Imported pool write speed sometimes dropping to 0

System information is in my signature

I’ve finished importing my last pool “Tank” (described in my signature) to my new system. Performing local benchmarks using “fio” with a size of 100GB and duration of 10m results the benchmark completes successfully in most cases. An example of the success is below:

Command:

root[/mnt/tank/]# fio --ramp_time=5 --gtod_reduce=1 --numjobs=1 --bs=1M --size=100G --runtime=10m --readwrite=write --name=testfile

Starting:

testfile: Laying out IO file (1 file / 102400MiB)
Jobs: 1 (f=1): [W(1)][1.7%][w=62.8MiB/s][w=62 IOPS][eta 09m:55s]

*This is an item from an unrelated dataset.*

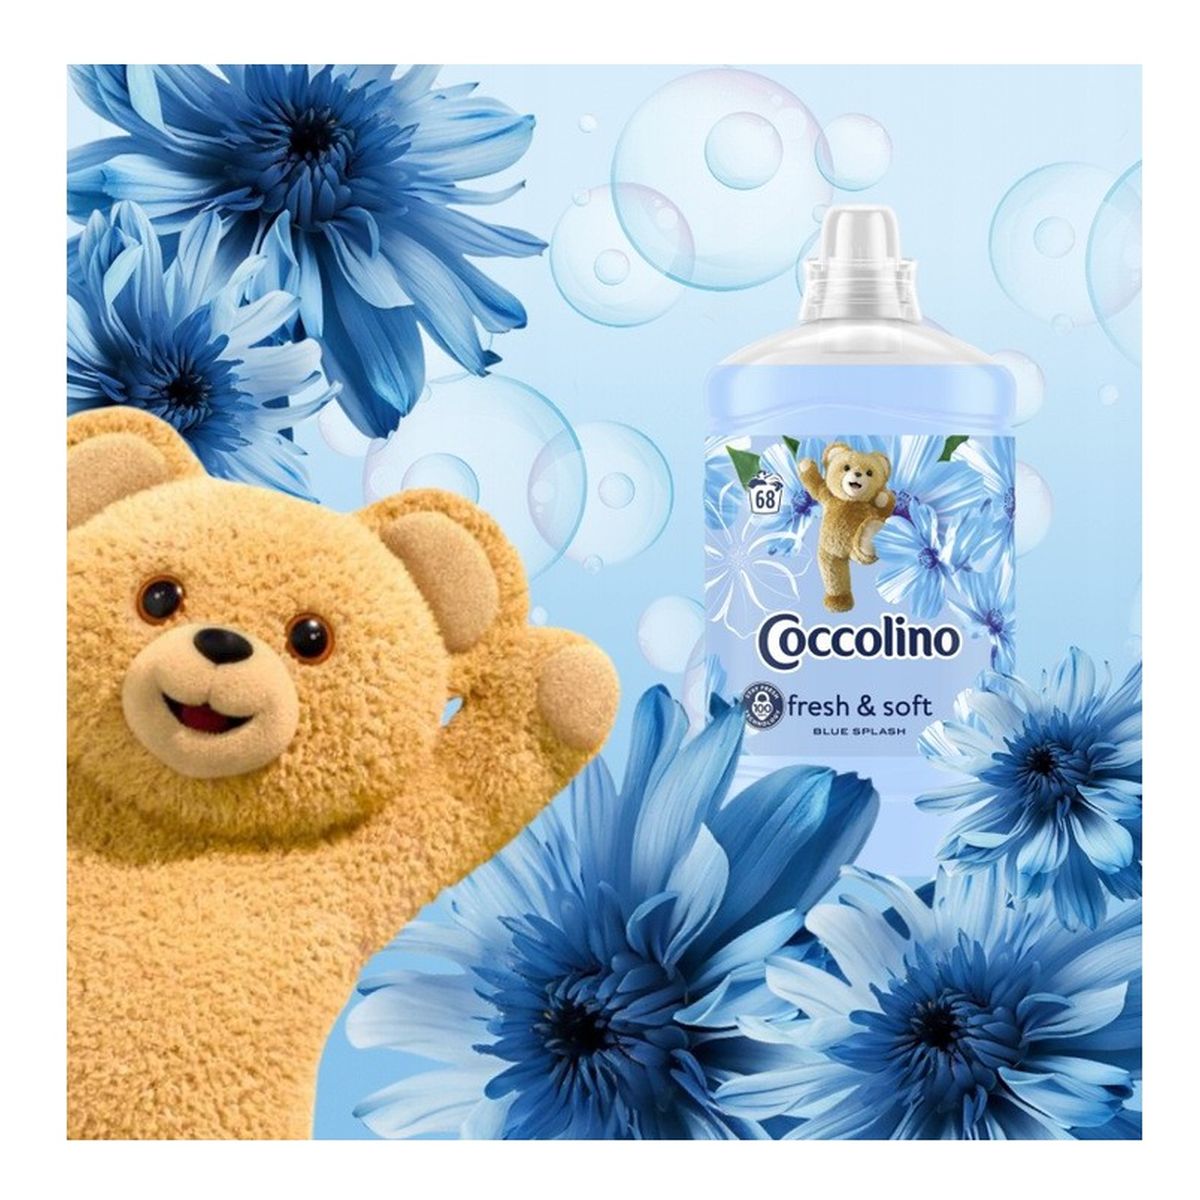 Coccolino Fresh & Soft Płyn do Płukania Tkanin Blue Splash 68 Prań 1700ml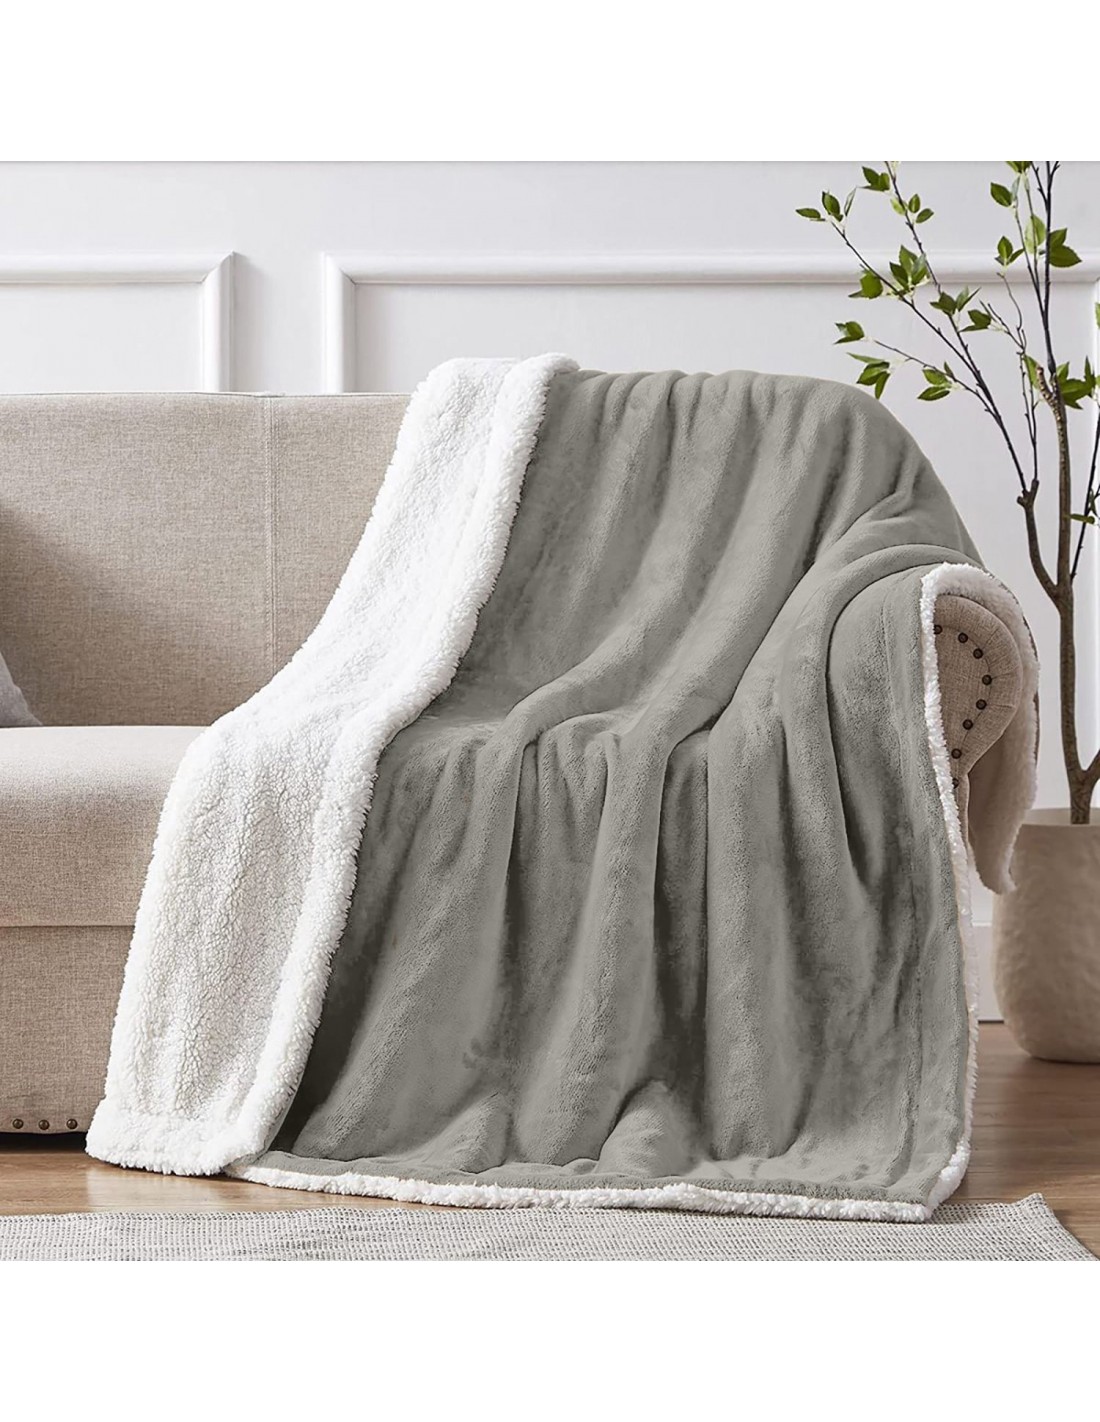 Geweldige eik Maak leven tiener Grote deken, zachte fleece, 180x240 CM-DOLCE

2 minutes later(still good):

testfile: Laying out IO file (1 file / 102400MiB)
Jobs: 1 (f=1): [W(1)][26.4%][w=65.0MiB/s][w=65 IOPS][eta 07m:25s]

Finished (Success):

testfile: Laying out IO file (1 file / 102400MiB)
Jobs: 1 (f=1): [W(1)][70.8%][w=89.0MiB/s][w=89 IOPS][eta 04m:10s]
testfile: (groupid=0, jobs=1): err= 0: pid=98861: Mon Jul  8 10:52:09 2024
  write: IOPS=120, BW=120MiB/s (126MB/s)(70.6GiB/600397msec); 0 zone resets
   bw (  KiB/s): min= 1980, max=4472529, per=100.00%, avg=133161.09, stdev=502059.20, samples=1099
   iops        : min=    1, max= 4367, avg=129.43, stdev=490.34, samples=1099
  cpu          : usr=0.20%, sys=1.81%, ctx=282018, majf=0, minf=1
  IO depths    : 1=100.0%, 2=0.0%, 4=0.0%, 8=0.0%, 16=0.0%, 32=0.0%, >=64=0.0%
     submit    : 0=0.0%, 4=100.0%, 8=0.0%, 16=0.0%, 32=0.0%, 64=0.0%, >=64=0.0%
     complete  : 0=0.0%, 4=100.0%, 8=0.0%, 16=0.0%, 32=0.0%, 64=0.0%, >=64=0.0%
     issued rwts: total=0,72298,0,0 short=0,0,0,0 dropped=0,0,0,0
     latency   : target=0, window=0, percentile=100.00%, depth=1

Run status group 0 (all jobs):
  WRITE: bw=120MiB/s (126MB/s), 120MiB/s-120MiB/s (126MB/s-126MB/s), io=70.6GiB (75.8GB), run=600397-600397msec

However in some case for no apparent reason the test will “fail” (write speed just drops to 0 basically and the ETA jumps to >2days). I don’t see any errors in the console or the /var/log/messages file. Other pools are working fine.

Finished (Failure):


testfile: (g=0): rw=write, bs=(R) 1024KiB-1024KiB, (W) 1024KiB-1024KiB, (T) 1024KiB-1024KiB, ioengine=psync, iodepth=1
fio-3.28
Starting 1 process
testfile: Laying out IO file (1 file / 102400MiB)
Jobs: 1 (f=1): [W(1)][0.5%][eta 02d:12h:50m:30s]
testfile: (groupid=0, jobs=1): err= 0: pid=94385: Mon Jul  8 10:36:15 2024
  write: IOPS=0, BW=525KiB/s (538kB/s)(511MiB/996233msec); 0 zone resets
   bw (  KiB/s): min= 1984, max=85499, per=100.00%, avg=14824.70, stdev=19985.78, samples=63
   iops        : min=    1, max=   83, avg=13.71, stdev=19.63, samples=63
  cpu          : usr=0.00%, sys=0.01%, ctx=3806, majf=0, minf=1
  IO depths    : 1=100.0%, 2=0.0%, 4=0.0%, 8=0.0%, 16=0.0%, 32=0.0%, >=64=0.0%
     submit    : 0=0.0%, 4=100.0%, 8=0.0%, 16=0.0%, 32=0.0%, 64=0.0%, >=64=0.0%
     complete  : 0=0.0%, 4=100.0%, 8=0.0%, 16=0.0%, 32=0.0%, 64=0.0%, >=64=0.0%
     issued rwts: total=0,511,0,0 short=0,0,0,0 dropped=0,0,0,0
     latency   : target=0, window=0, percentile=100.00%, depth=1

Run status group 0 (all jobs):
  WRITE: bw=525KiB/s (538kB/s), 525KiB/s-525KiB/s (538kB/s-538kB/s), io=511MiB (536MB), run=996233-996233msec

Does anyone have any tips on what to investigate for this kind of intermittent problem?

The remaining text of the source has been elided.